◆ **YOUR OBJECTIVE**
Copy the data below exactly, omitting any picture it contains.

[Records from a dataset]
--- START ---

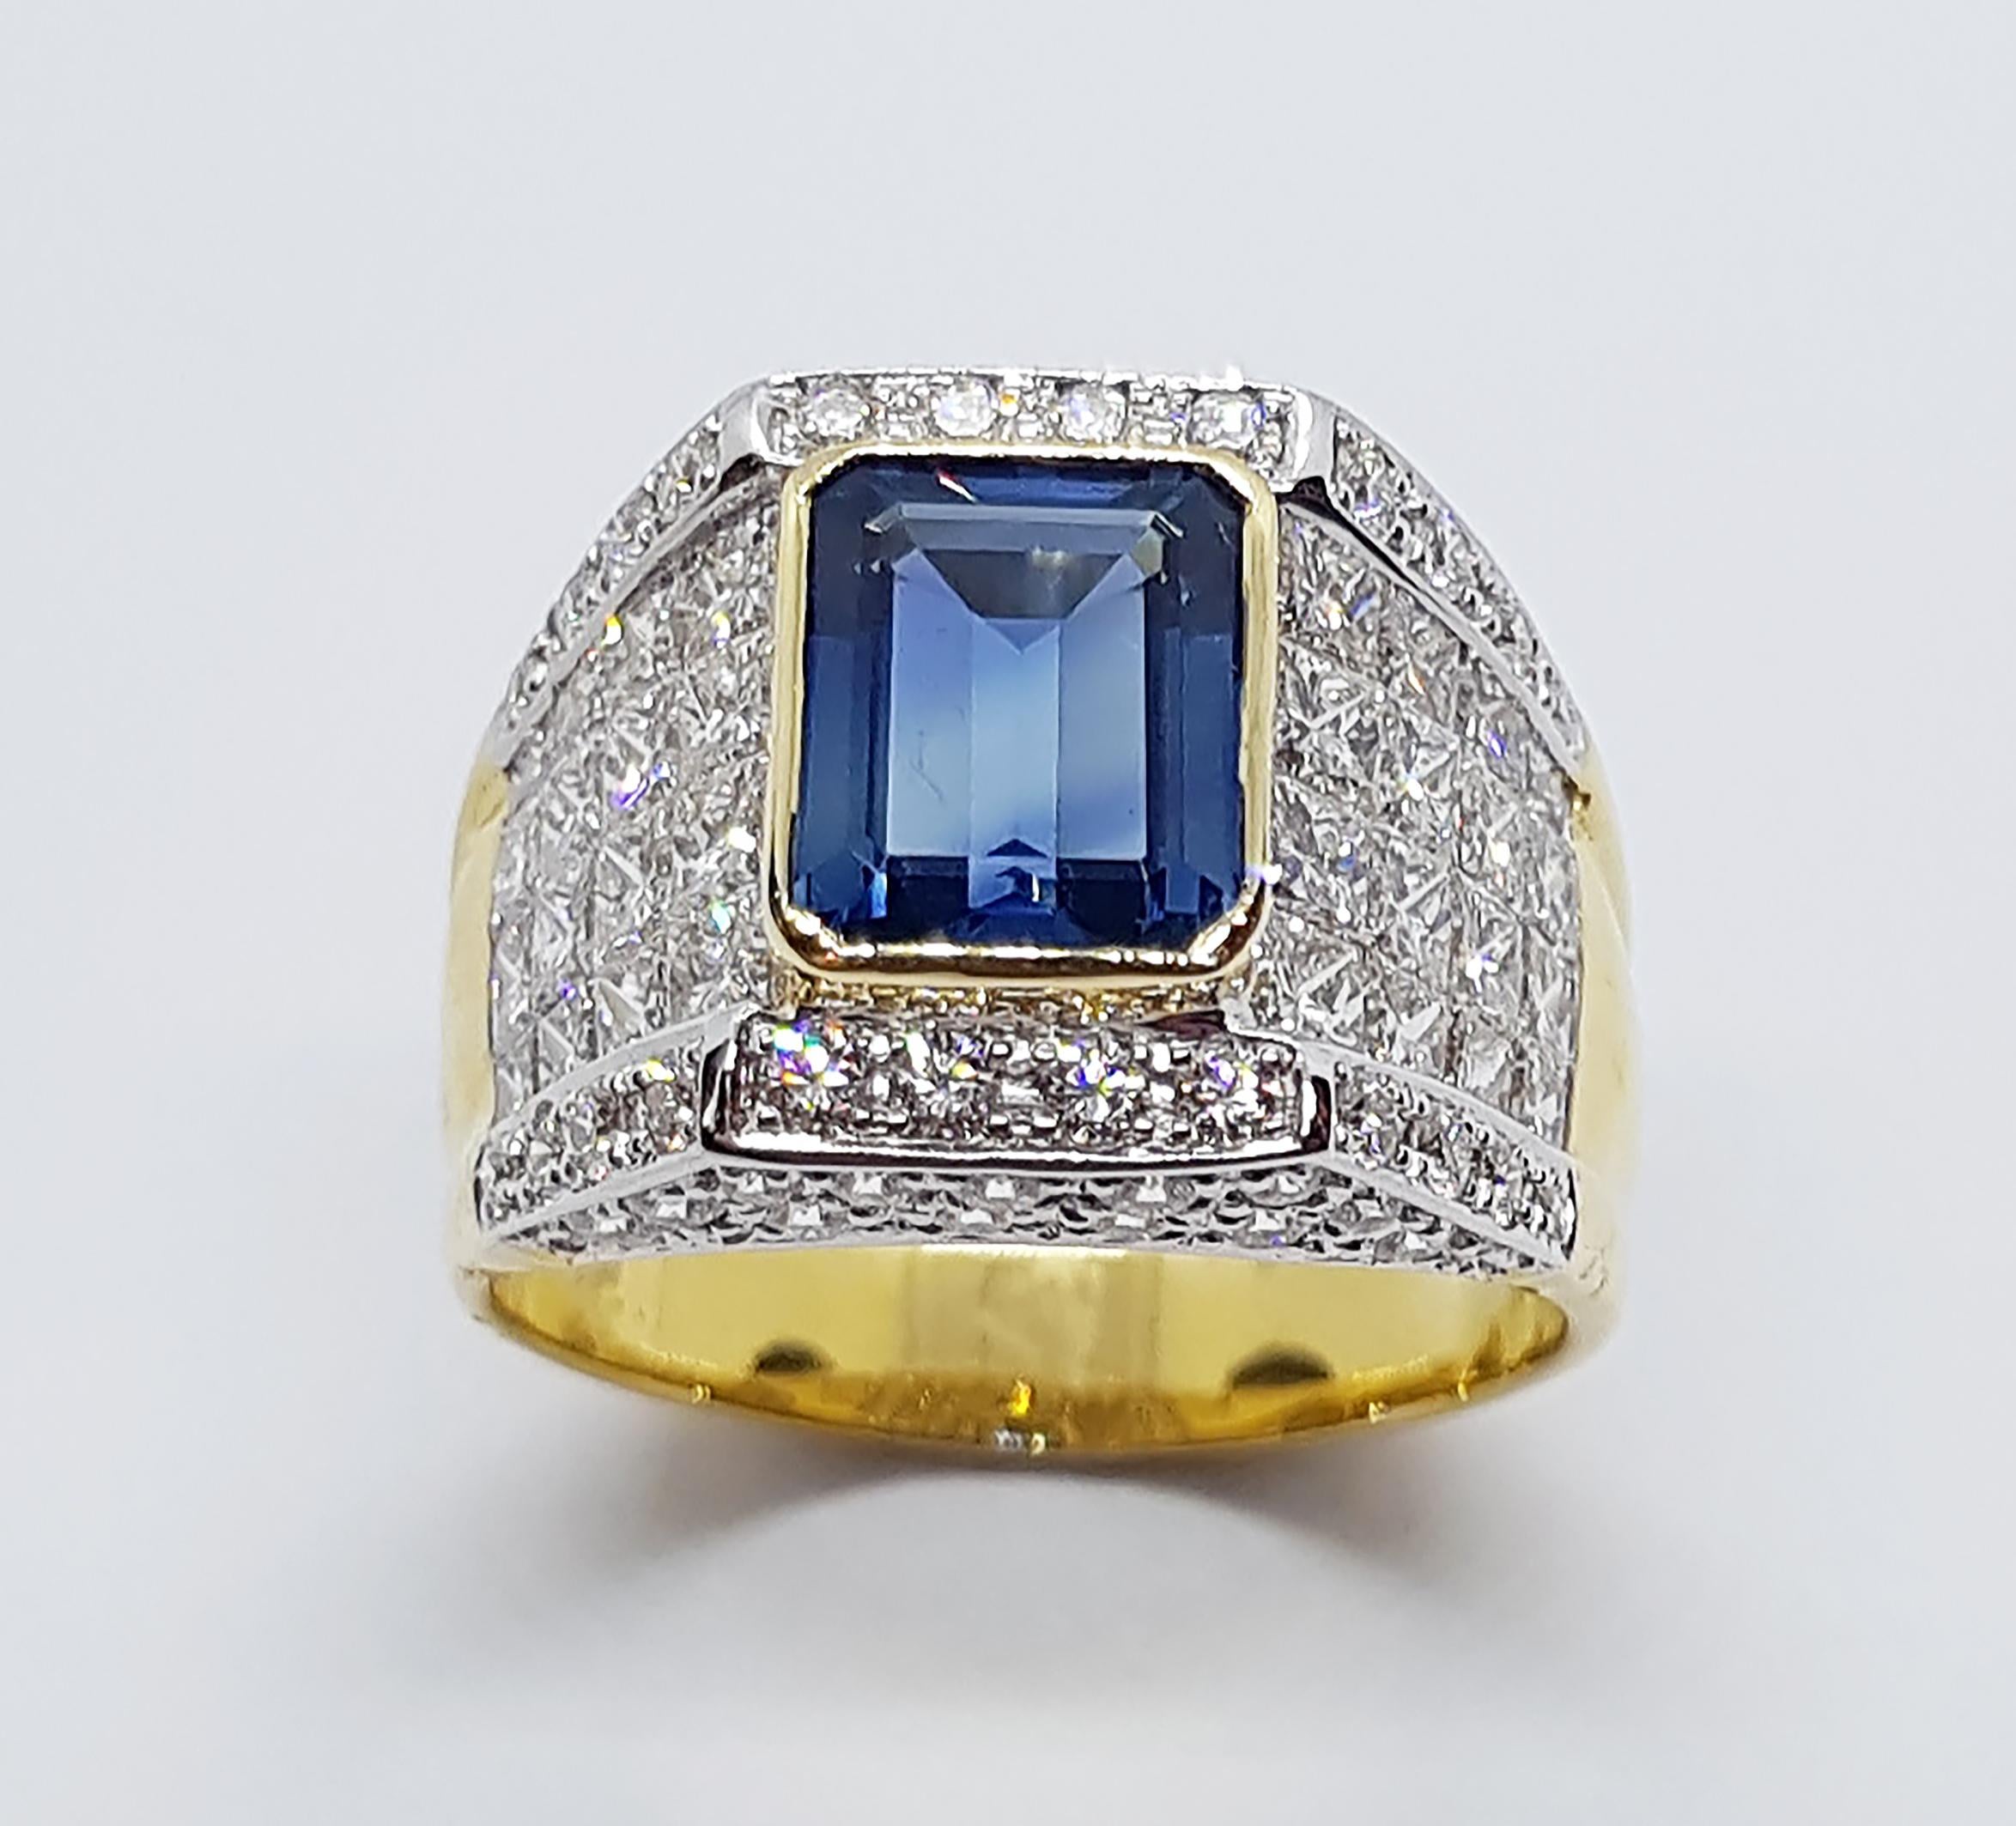 Blue Sapphire 2.42 carats with Diamond 2.39 carats Ring set in 18 Karat Gold Settings

Width:  0.7 cm 
Length: 0.9 cm
Ring Size: 54
Total Weight: 8.4 grams

--- END ---

◆ **ANSWER SPACE**
 Blue Sapphire 2.42 carats with Diamond 2.39 carats Ring set in 18 Karat Gold Settings

Width:  0.7 cm 
Length: 0.9 cm
Ring Size: 54
Total Weight: 8.4 grams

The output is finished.